Source data below:
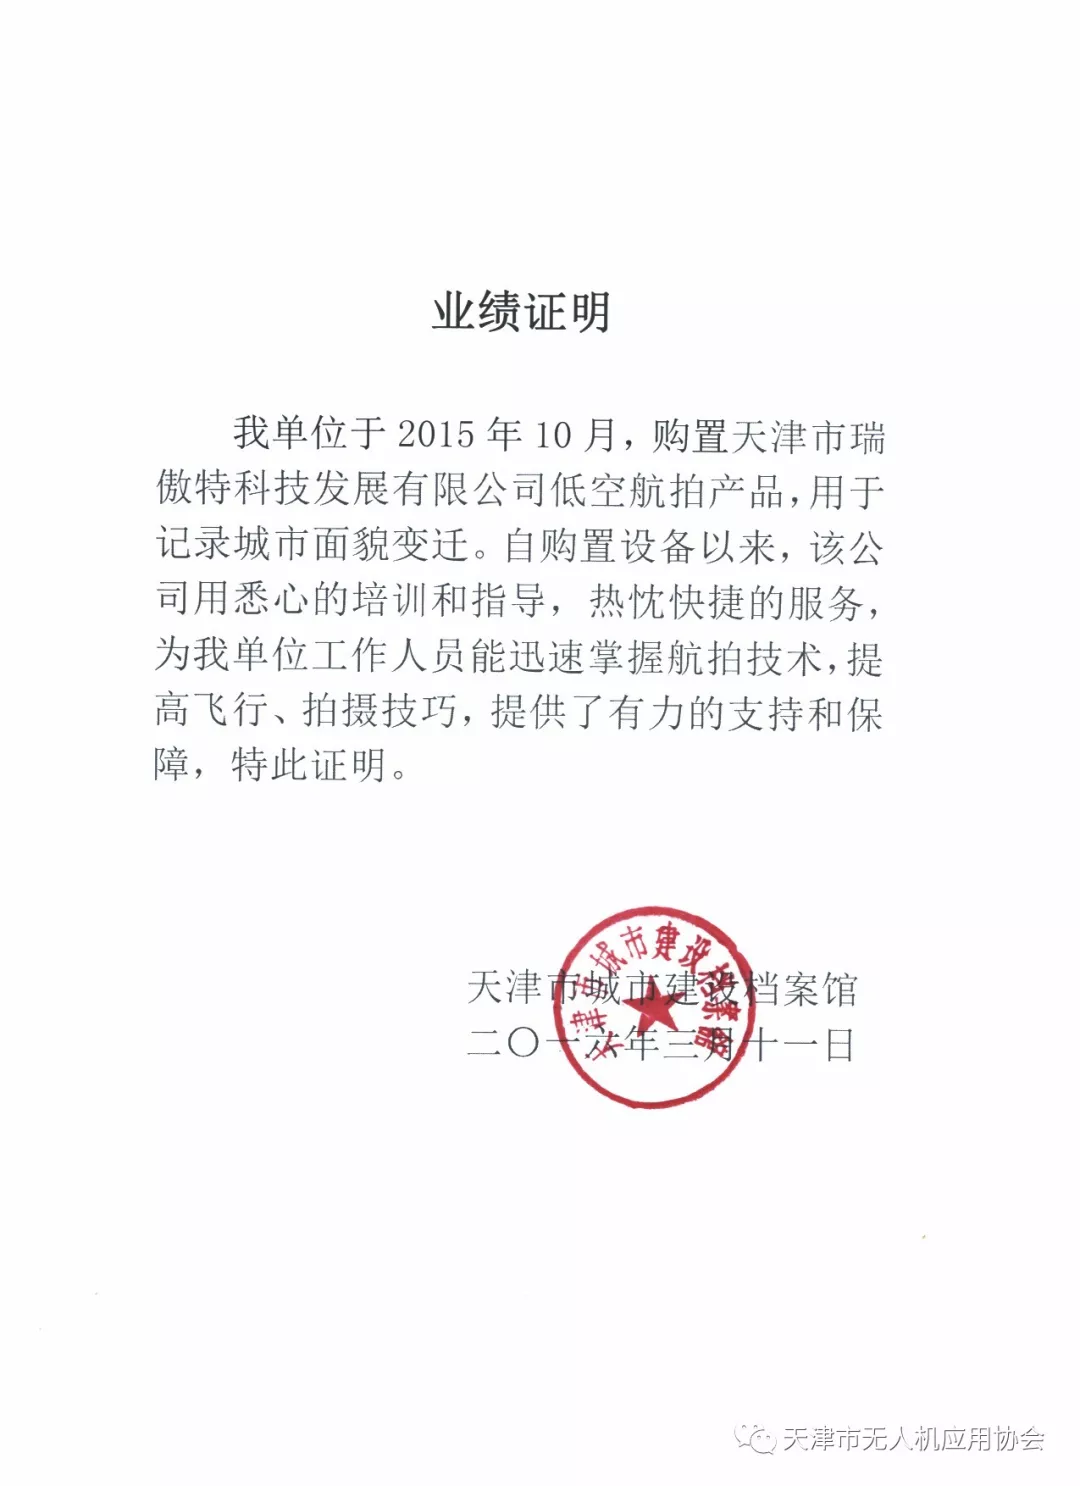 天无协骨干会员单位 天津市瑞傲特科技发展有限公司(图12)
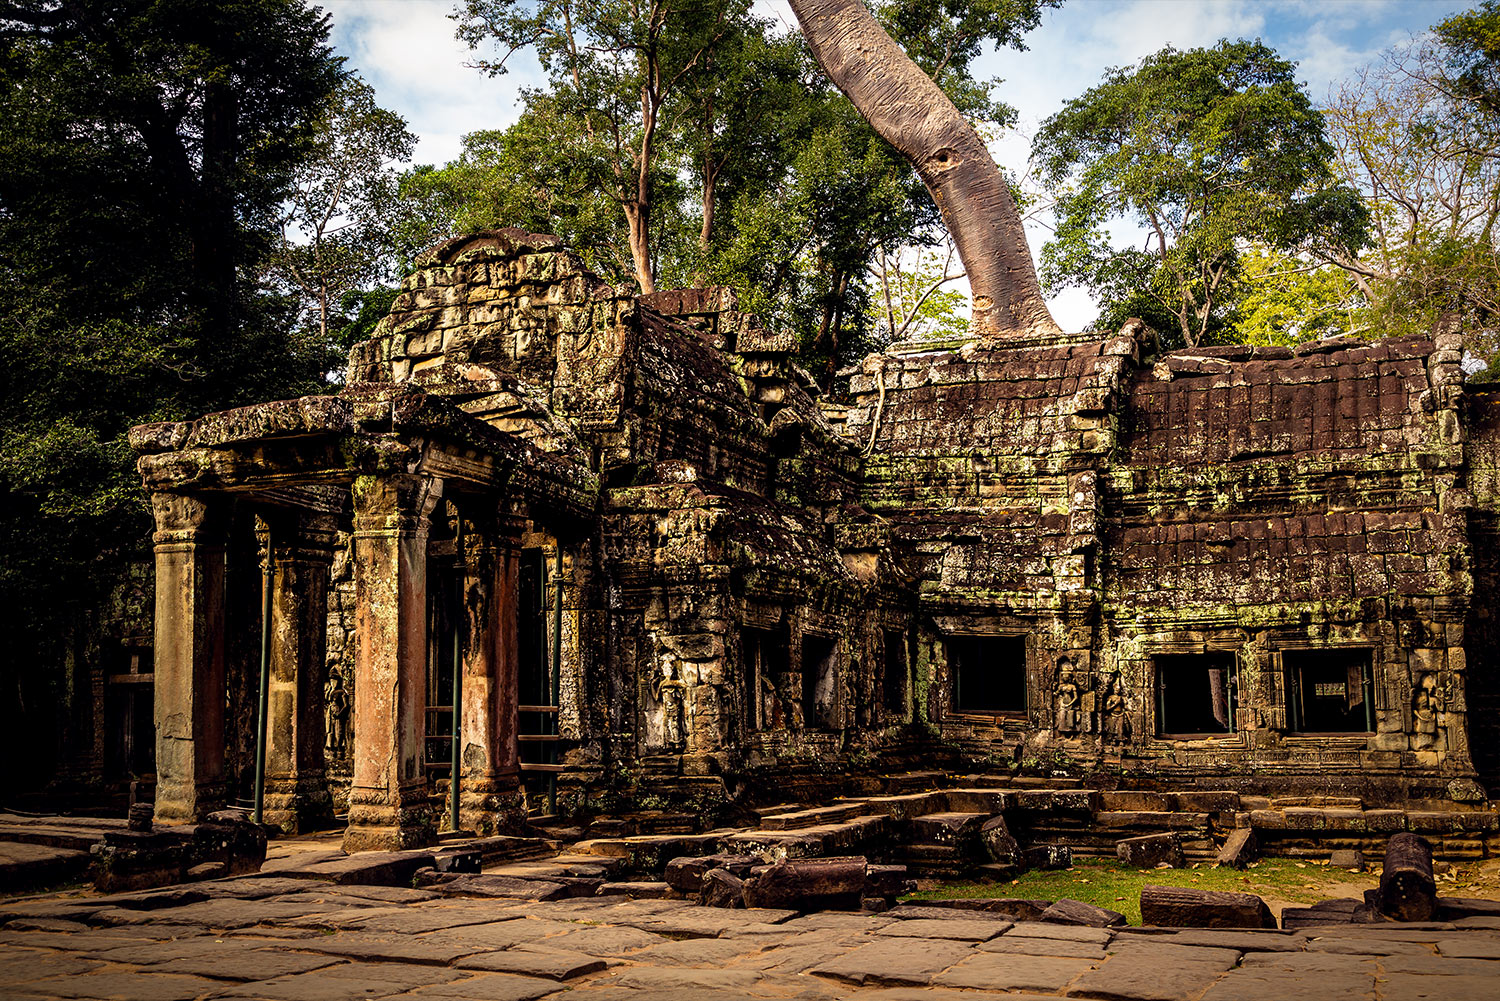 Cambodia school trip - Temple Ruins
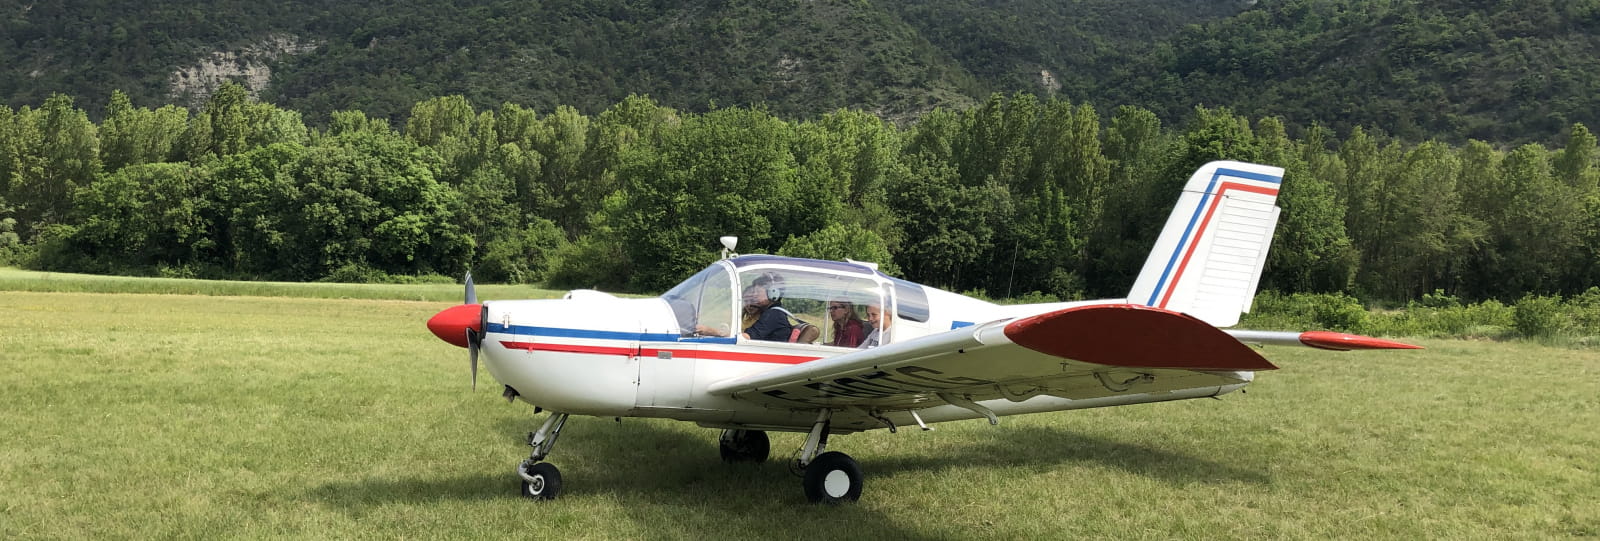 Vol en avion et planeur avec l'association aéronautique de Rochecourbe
End of Source data.
### [Work item]
Exactly the lines from the one with "Cambodia school trip - Temple Ruins" through the end of the listing above are to be repeated, with no pictures.

### [Response]
 Cambodia school trip - Temple Ruins
 Vol en avion et planeur avec l'association aéronautique de Rochecourbe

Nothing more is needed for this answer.